If F exceeds some critical value for the data n and k and the accepted confidence level, then the value of R is considered significant. Tables of critical values ​​of F are given in reference books on mathematical statistics.

Thus, the significance of R is determined not only by its value, but also by the ratio between the number of experiments and the number of coefficients (parameters) of the model. Indeed, the correlation ratio for n=2 for a simple linear model is 1 (through 2 points on the plane, you can always draw a single straight line). However, if the experimental data are random variables, such a value of R should be trusted with great care. Usually, in order to obtain a significant R and reliable regression, it is aimed at ensuring that the number of experiments significantly exceeds the number of model coefficients (n>k).

To build a linear regression model, you must:

1) prepare a list of n rows and m columns containing the experimental data (column containing the output value Y must be either first or last in the list); for example, let's take the data of the previous task, adding a column called "period number", numbering the numbers of periods from 1 to 12. (these will be the values X)
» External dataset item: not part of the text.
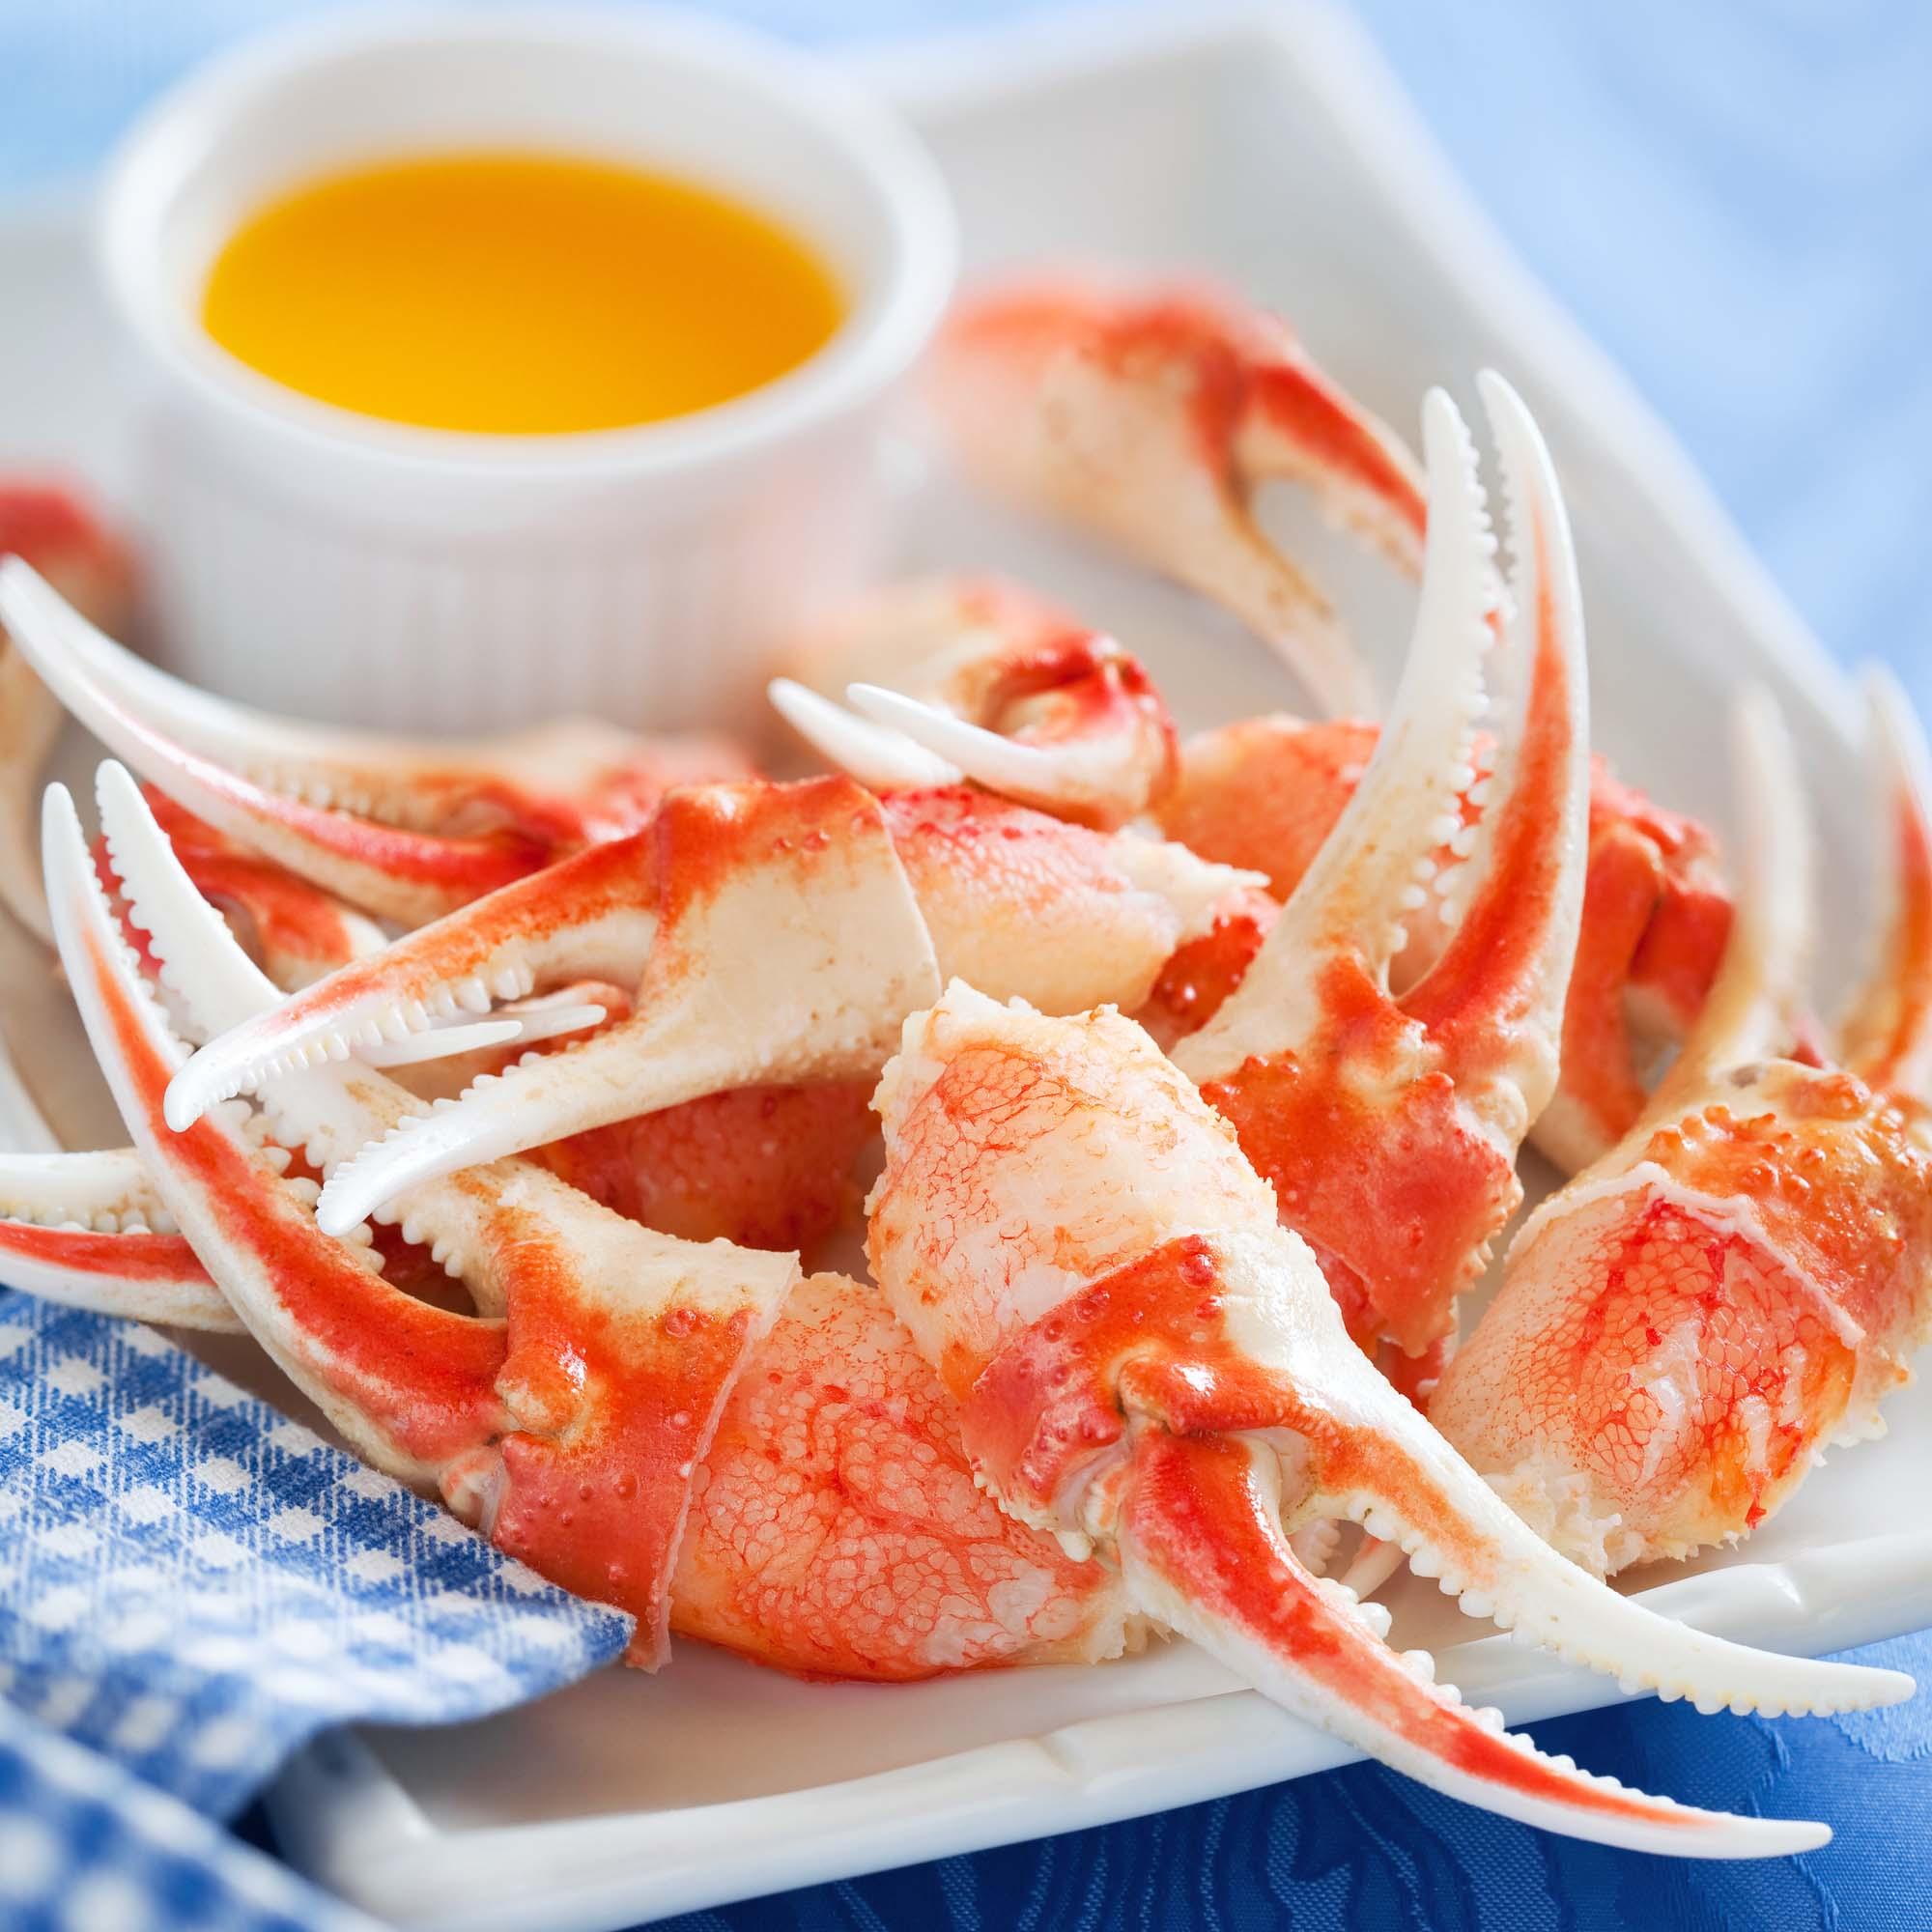 Grillede krabbekløer med honning og limemarinade

2) go to menu Data/Data Analysis/Regression

If the "Data Analysis" item in the "Tools" menu is missing, then you should go to the "Add-Ins" item of the same menu and check the "Analysis Package" box.

3) in the "Regression" dialog box, set:

input interval Y;

input interval X;

output interval - the upper left cell of the interval in which the calculation results will be placed (it is recommended to place it on a new worksheet);

4) click "Ok" and analyze the results.